There are moments in the interview that sound like conspiratorial dog whistles about Israel and Jews. Like his comment, “my strong impression was that Trump was more a hostage than a sovereign decision maker” on Iran. You then came back at him and asked, What are you getting at with a comment like that? How do you balance being respectful and aggressive?
It comes back to asking the questions the audience wants answered. Carlson has been accused of antisemitism. Those are charges he denies. My job as a journalist and interviewer is not to sanitize or demonize his beliefs — it is to try and get him to articulate them clearly. My standard for interviews always involves the audience. What do people need to know about this person and their beliefs, because they have a huge influence on our politics and ultimately our lives. Tucker Carlson meets that bar and then some.
What are some questions you thought about asking but decided not to?
I’ve been interested in his comments and views on women. He has interviewed the Tate brothers, who are accused of rape and trafficking of women, and he is publishing a book by Russell Brand, the actor and comedian, who is about to face trial in the United Kingdom for rape. Carlson is someone who is constantly invoking the Epstein files and the Epstein crimes, and that seems to be a contradiction.
In the end though, we have limited time and I wanted to have a cohesive conversation about subjects that have national and global ramifications, namely the war in Iran and the future of President Trump’s party. Jumping around often produces shallow answers.

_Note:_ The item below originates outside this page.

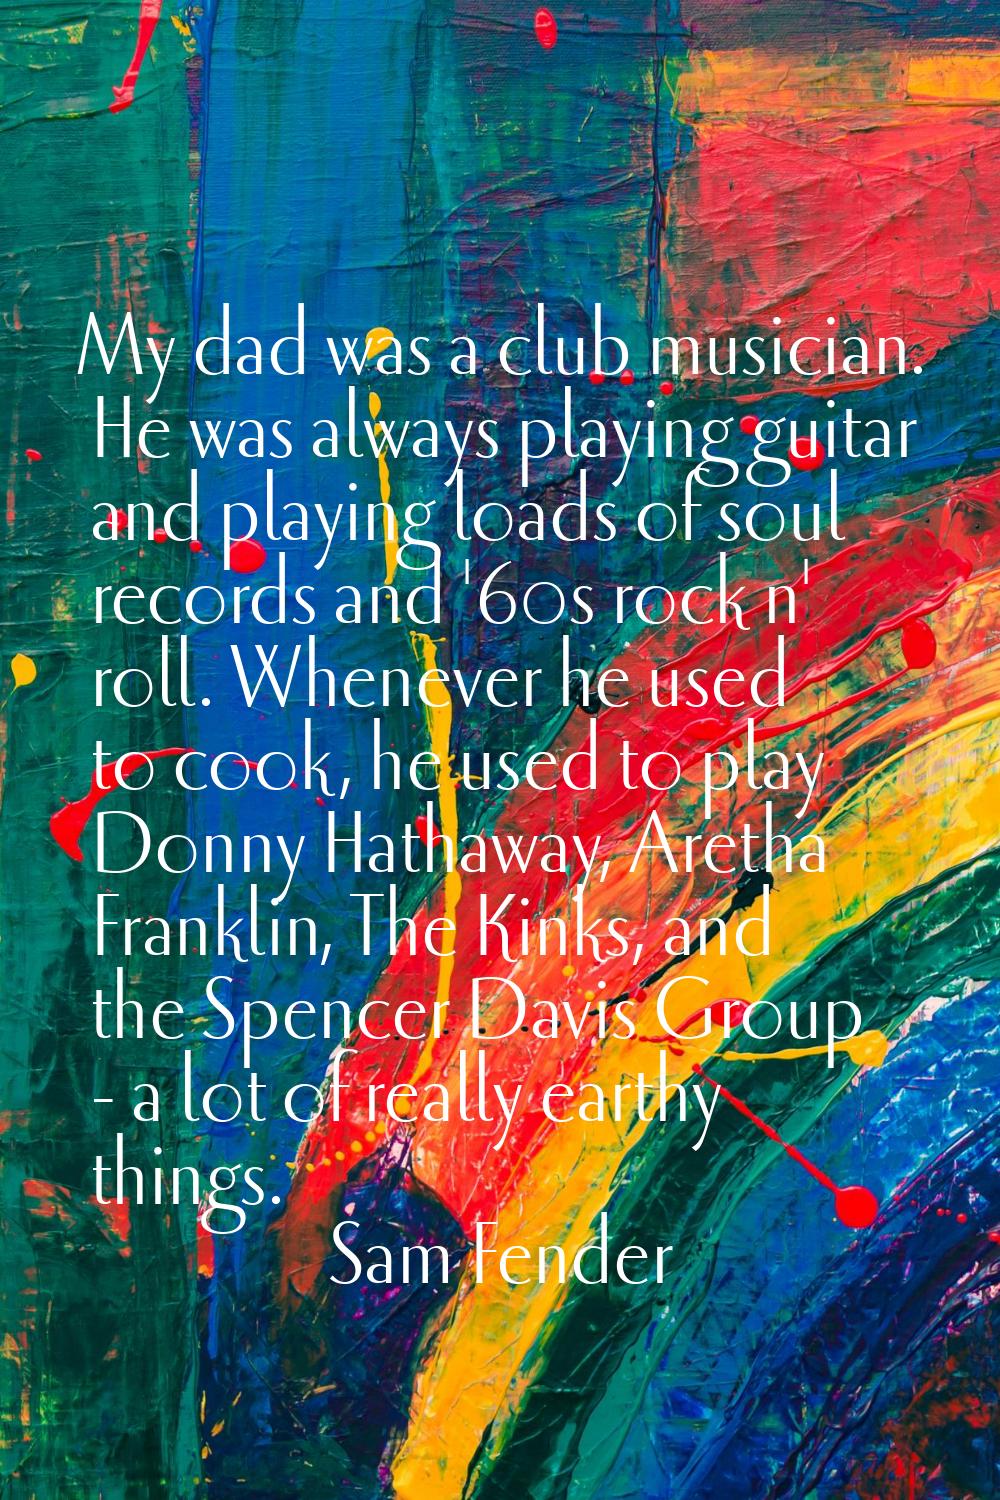 My dad was a club musician. He was always playing guitar and playing loads of soul records and '60s

I was struck by how some of Carlson’s critiques — on Israel, the Iran war, the economy, capitalism, big banks, establishment parties — overlapped with views of some progressives. Some of those moments may make people wonder if this is a performance or if this is really him.
If you dig into the Carlson oeuvre, you’ll find he’s been pretty consistent on many things since 2016, namely, immigration, his opposition to overseas wars (after initially being a supporter of the Iraq War) and some of his critiques of capitalism. I think progressives and others are listening to him now because he’s come out against the president. And I wouldn’t be surprised if he is interested in seizing that moment. That said, many of his views are probably antithetical to most progressives’ values. In the end, the question that so many people have about Carlson is what he really believes. As he might say, that’s between him and God.
That sort of gets to a big question that you were circling during the interview and then dug into at the end: What happened to Tucker Carlson? I’m curious what your takeaway was to his answer.
It comes back to the reason I wanted to interview him. The question of what happened to Tucker Carlson implies that he is somehow different than the rest of us. I came away thinking that Carlson is a mirror of what we have been experiencing both culturally and politically for the past decade. He talks about the things people care about — jobs and A.I., the values of our country, who and what we should be in the world, what our governing class is doing. You may not agree with his conclusions or prescriptions, but you ignore him at your peril.